2004 steckten sich zwei studentische Mitarbeiter des Nationalen Instituts für Virologie in Peking mit dem Sars-Erreger an und gaben ihn weiter: Die Mutter von einem der beiden starb. 2014 wurden beim Umzug eines Büros der US-Arzneimittelbehörde FDA einige Phiolen mit Pockenviren entdeckt.
In der Debatte um den Ursprung der Corona-Pandemie steht nicht nur China am Pranger. Auch die Nationalen Gesundheitsinstitute der USA (NIH) werden kritisiert. Einige republikanische Politiker werfen ihnen vor, sogenannte «Gain of function»-Forschung mit Coronaviren in Wuhan gefördert zu haben.
Riskante Forschung am Virus
Bei der «Gain of function»-Forschung verändern Wissenschaftler Erreger so, dass diese leichter übertragbar, tödlicher oder schwerer mit Medikamenten und Impfstoffen zu bekämpfen sind. Auf diese Weise wollen sie herausfinden, wie die Erreger bei entsprechenden Mutationen in natürlicher Umgebung besser bekämpft werden können.
Über Nutzen und Risiken dieses Forschungsansatzes wird seit Langem erbittert gestritten. Einen Höhepunkt erreichte die Kontroverse, als 2011 zwei Forscherteams Vogelgrippe-Viren so veränderten, dass sie zwischen Säugetieren übertragbar sind.

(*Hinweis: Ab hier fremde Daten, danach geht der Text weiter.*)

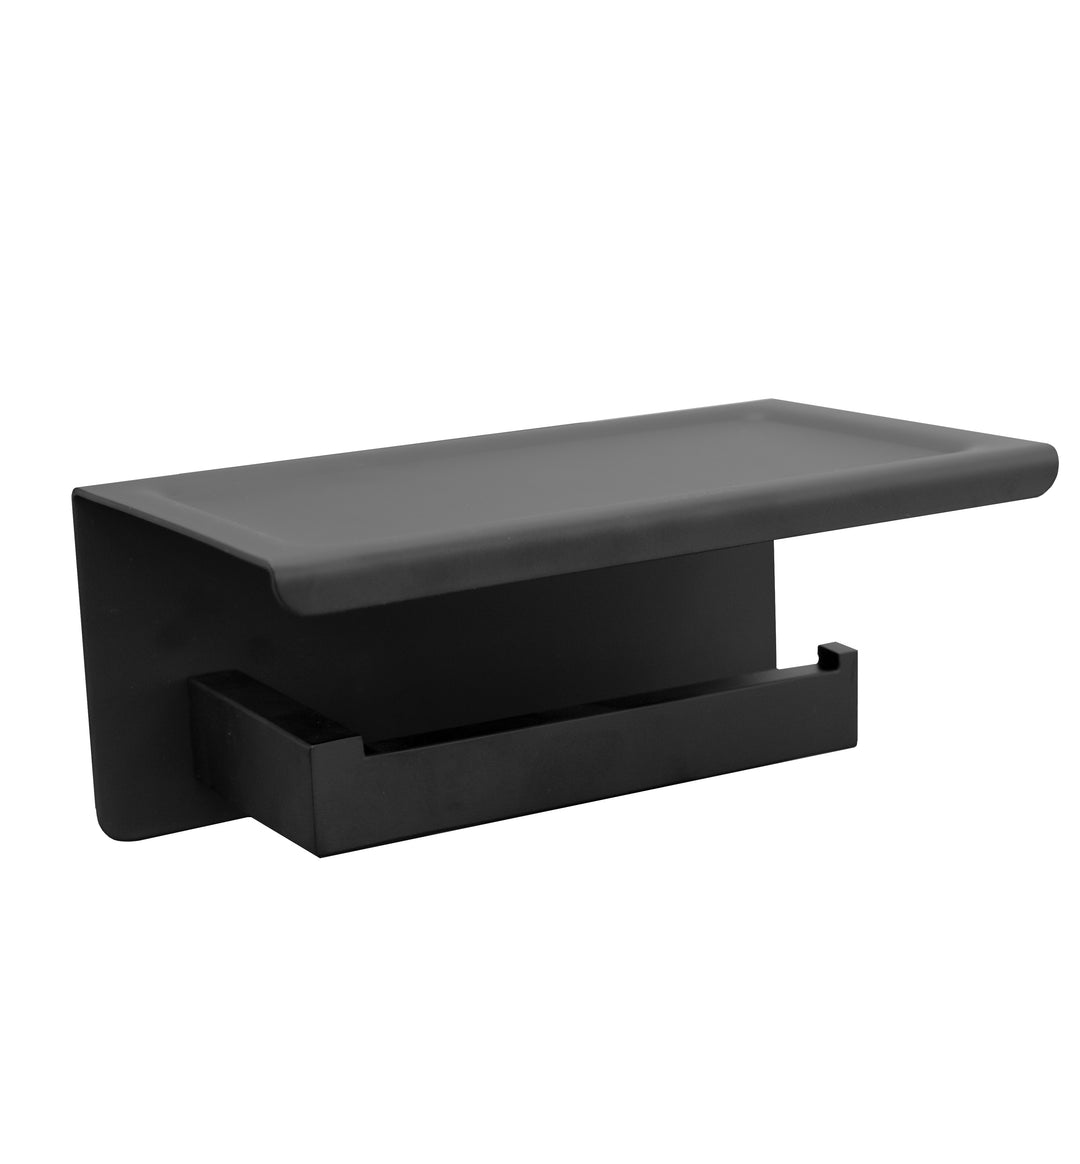 Paper Holder With Phone Shelf Black IS3106B

Der Harvard-Epidemiologe Marc Lipsitch warnt, ein auf diese Art geschaffener Virusstamm könne einen Labor-Mitarbeiter befallen und letztlich eine ganze Pandemie verursachen. «Diese Forschung ist nicht notwendig und trägt nicht zur Entwicklung von Arzneien oder Impfstoffen bei», argumentiert auch Richard Ebright von der Rutgers University.
In den USA wurde Forschung an Grippeviren und Coronaviren mit dieser Methode ab 2014 ausgesetzt, ist aber seit 2017 wieder erlaubt. Inzwischen muss ein Expertenausschuss jeden Fall einzeln vorab prüfen.